Karen Fuentes is a realtor in Re/Max Center El Salvador. She works in a heavily air-conditioned office on the 21st floor of a fancy building in the center of San Salvador, with views of the mountains and volcanos that surround the city as well as some of the neighborhoods where clients clients are looking to buy homes. It’s not just locals who want a piece of the action.

“Our clients are mostly Salvadorans who live here, but 50% are Salvadorans who live outside our country, or even foreigners who don’t have roots here. And right now, because of the perception of our country from outside, they are very interested in El Salvador,” she said.

That popularity means property prices are very high right now.

More tourists are also visiting the country now, taking selfies at the National Library Bukele has built and filling the popular surf beaches. Small scale business owners are happy that gangs no longer ask them for money.

But nearly a third of people live in poverty, according to the World Bank, and many feel they don’t have any choice but to leave the country — like 24-year-old mechanic Jaime Chavez.

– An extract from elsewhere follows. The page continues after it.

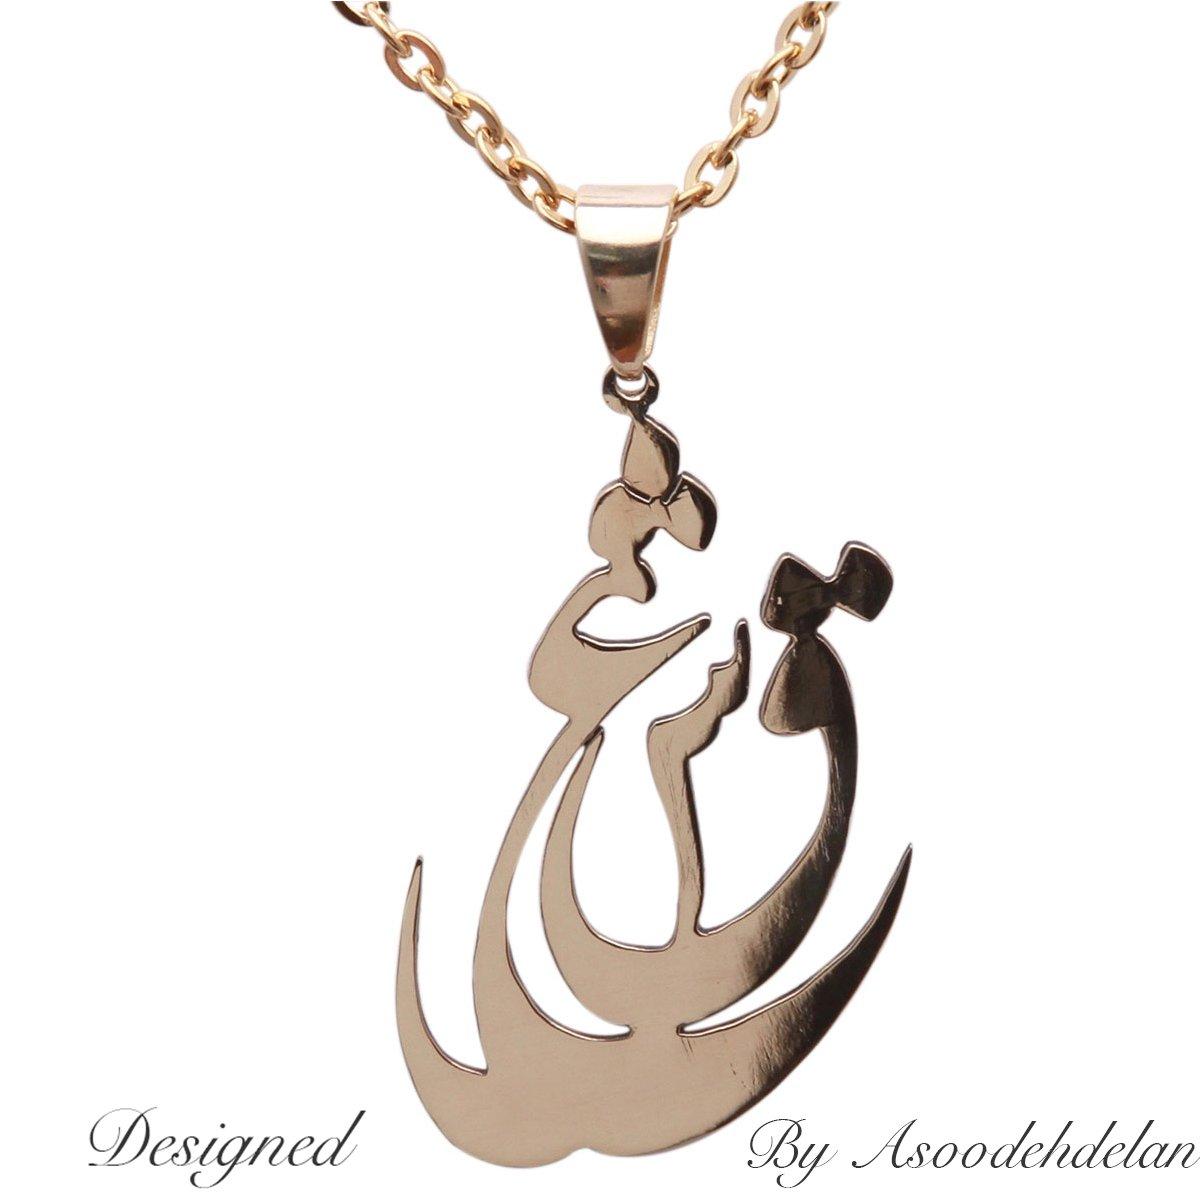 Iranian Persian Fasi Eshgh Necklace Iran Persia Love Chain Pahlavi Farvahar (Pure 18k Gold)
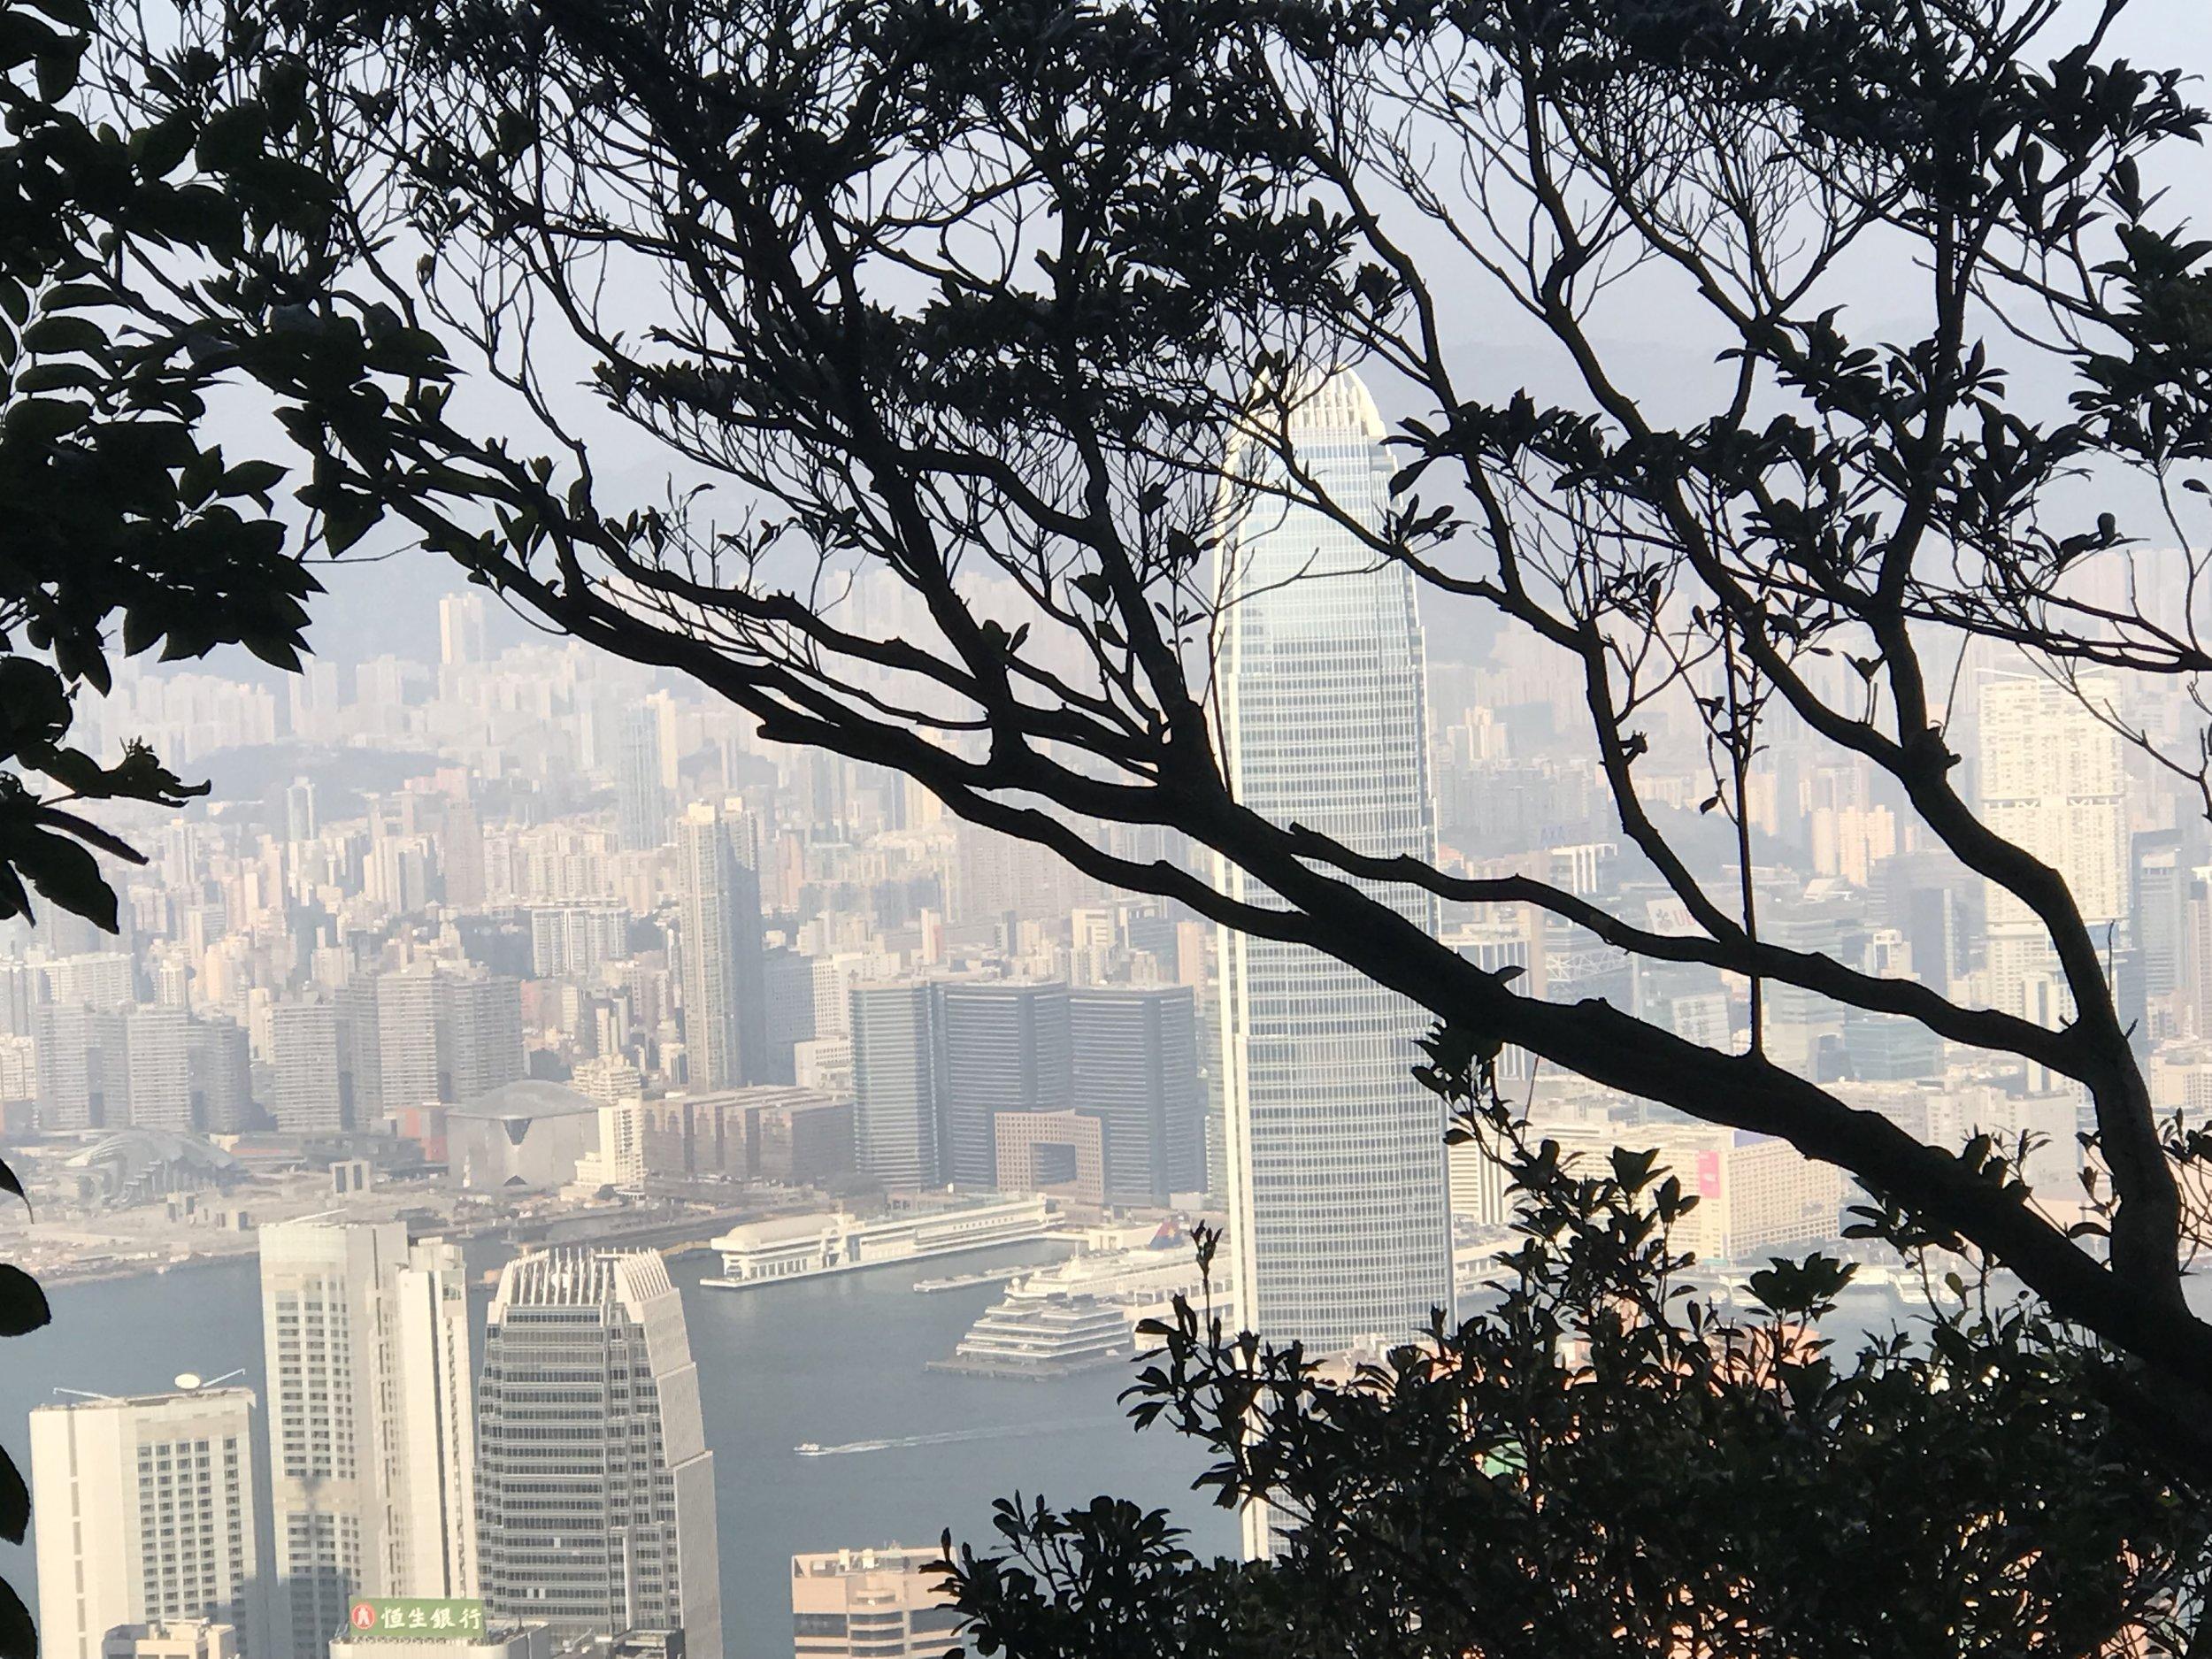 Từ trên đỉnh Victoria, Kowloon người ta có thể nhìn thấy Hong Kong bị bao bọc bởi đám khói sương ô nhiễm bay sang từ Trung Quốc.

“There used to be an problem with security with all the gangs. Now that’s better, but I can’t earn enough to support my family. I get paid around $250 a month, but you need around $450 to $500 to be able to live better,” he said.

Chavez said he wants to leave and go to the U.S. as “most people who have gone there have a better quality of life because there are more opportunities.”

He’s not alone in wanting to leave El Salvador. It’s estimated there are around 1 million Salvadorans living in the United States, according to the Pew Research Center. The money they send home — earned, in part, thanks to successful participation in labor organizing — is crucial, as economist Tatiana Marroquin explained.

“Around 25% of the country’s GDP comes from the money that Salvadorans who have migrated send back to their families,” she said. “We know that for around half of the families who receive the money, it’s their primary source of income or their only source of income.”

Now that El Salvador’s President Bukele has managed to improve security, he says his next job is to tackle poverty. He recently announced 5,000 “free passports” and tax breaks to highly skilled workers from abroad to try to boost the economy.

But people like mechanic Jaime Chavez say they need more opportunities to persuade them not to leave for the U.S.